She co-authored the chapter on public participation and communication in the World Health Organization's Practical Guide to the Design and Implementation of Assessments and Monitoring Programmes for bathing waters 

Dubsky was appointed to the environmental pillar of Ireland's social partnership in May 2009  and is on NESC (The National Economic and Social Council, the Dublin Regional Authority's Dublin Bay Task Force  and the Wexford Local Development Board. She was a member of the Eastern Regional Fisheries Board from 2005–2010, and Comhar.

Other activities 
Dubsky drew public and official attention to Dublin area raw sewage problems by gaining access to official water monitoring results and organising citizen sewage reports. She further researched treatment options and lobbied for a tertiary treatment plant.

She also acted to halt illegal cockle dredging in Waterford estuary with both media and Senate support.
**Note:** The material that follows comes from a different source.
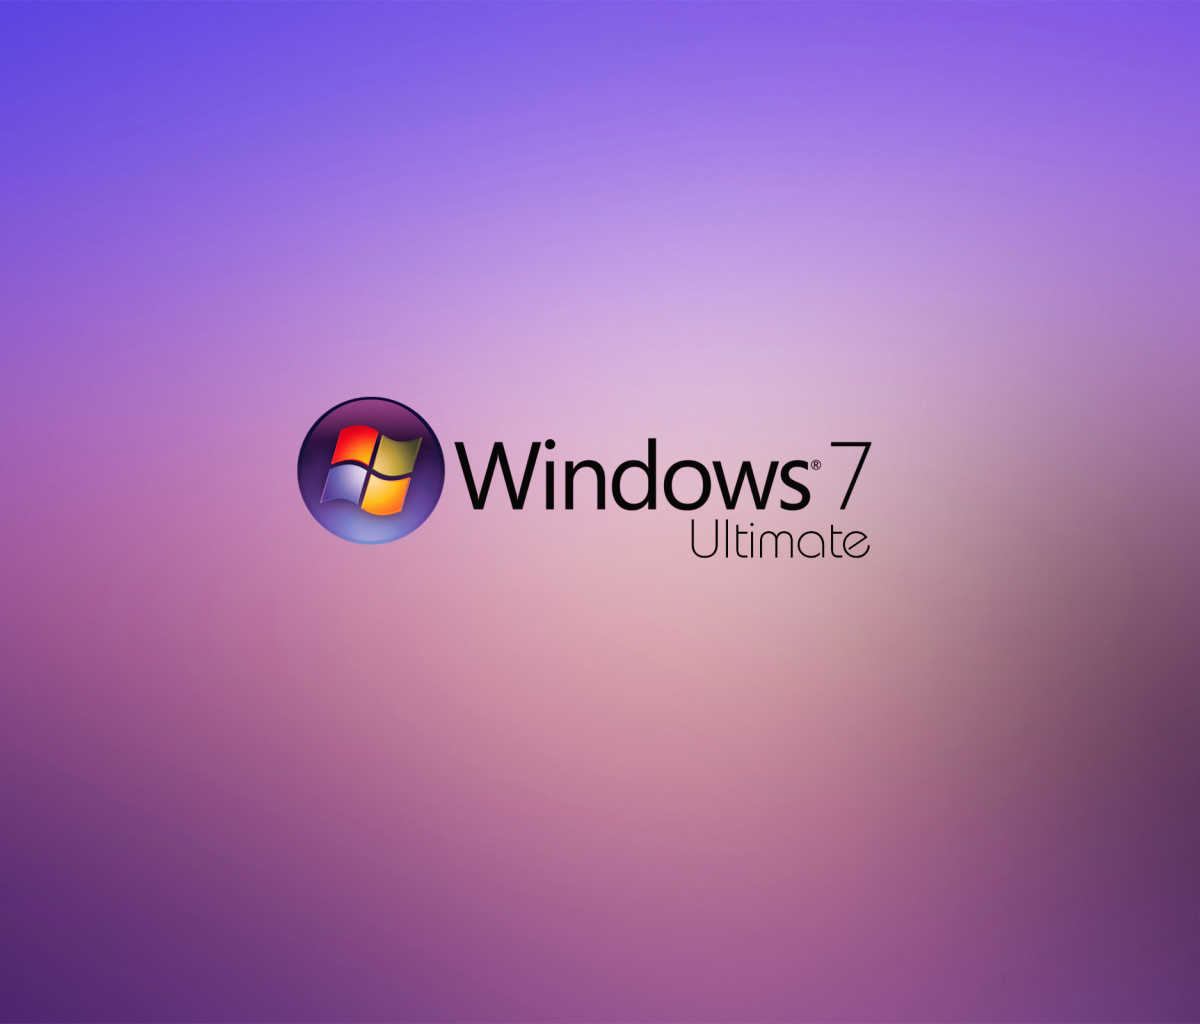 Windows 7 Ultimate wallpaper 1200x1024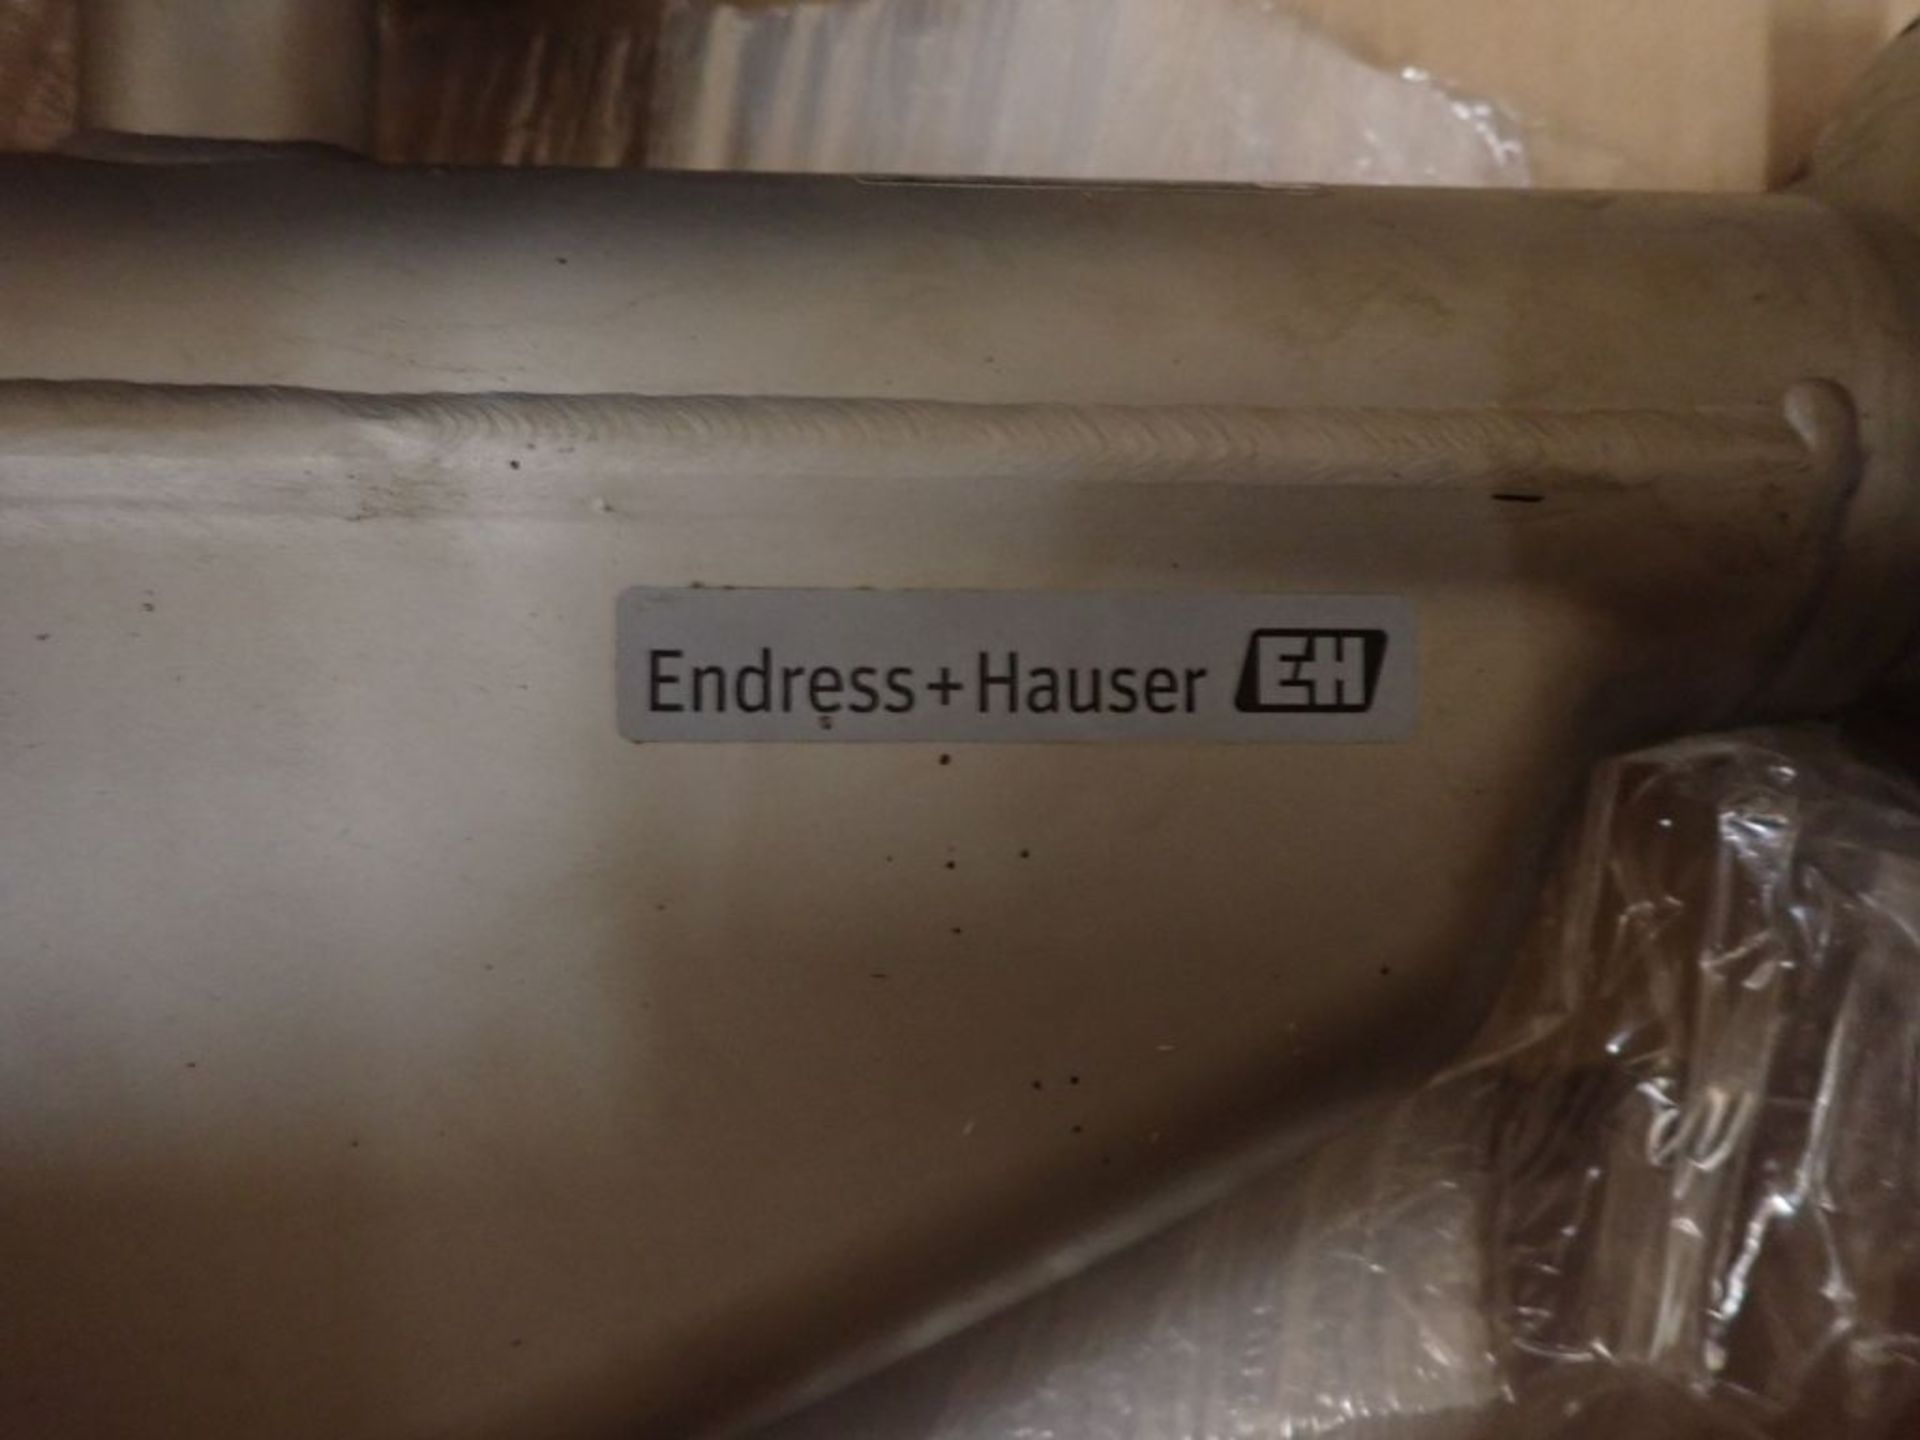 Endress Hauser Promass - Part No. AAINADAFADSAAASHAI; Tag: 222537 - Image 2 of 6

She exposed wrecking of Kilmuckridge-Tinnaberna Sandhills and together with other Coastwatchers halted the cattle storage and pollution. A restoration order now in place is just being implemented.

In 2014 Dubsky and her husband Paul were refused planning permission to turn part of their home into an "eco-education centre," on the grounds it could cause pollution. In reaching its decision, on an appeal by Dublin-based holiday home owners, the planning board overruled both the local authority and its own inspector, noting the area as being at very high risk from domestic sewage pollution. "The board considered that the proposed development, in close proximity to a stream and to bathing waters, to a proposed drain and to other dwellings, would be prejudicial to public health" it said.

Court cases 
Dubsky took a number of court cases as an individual and as part of Coastwatch. These include a Supreme Court decision that government must give reasons for opinions (Boyne estuary habitat restoration) and High Court injunctive relief to halt creosote sludge dumping in Waterford Port. Dubsky instigated and persisted with EC complaints which ended in the European Court of Justice and belatedly resulted in improvements to landfill sites, provision of compensatory habitat and restoration of wetlands.

Politics 
She withdrew from the Seanad Election of 2011 due to an oversight in official registration of her Irish citizenship over forty years previously, which could not be rectified in time for the beginning of the election.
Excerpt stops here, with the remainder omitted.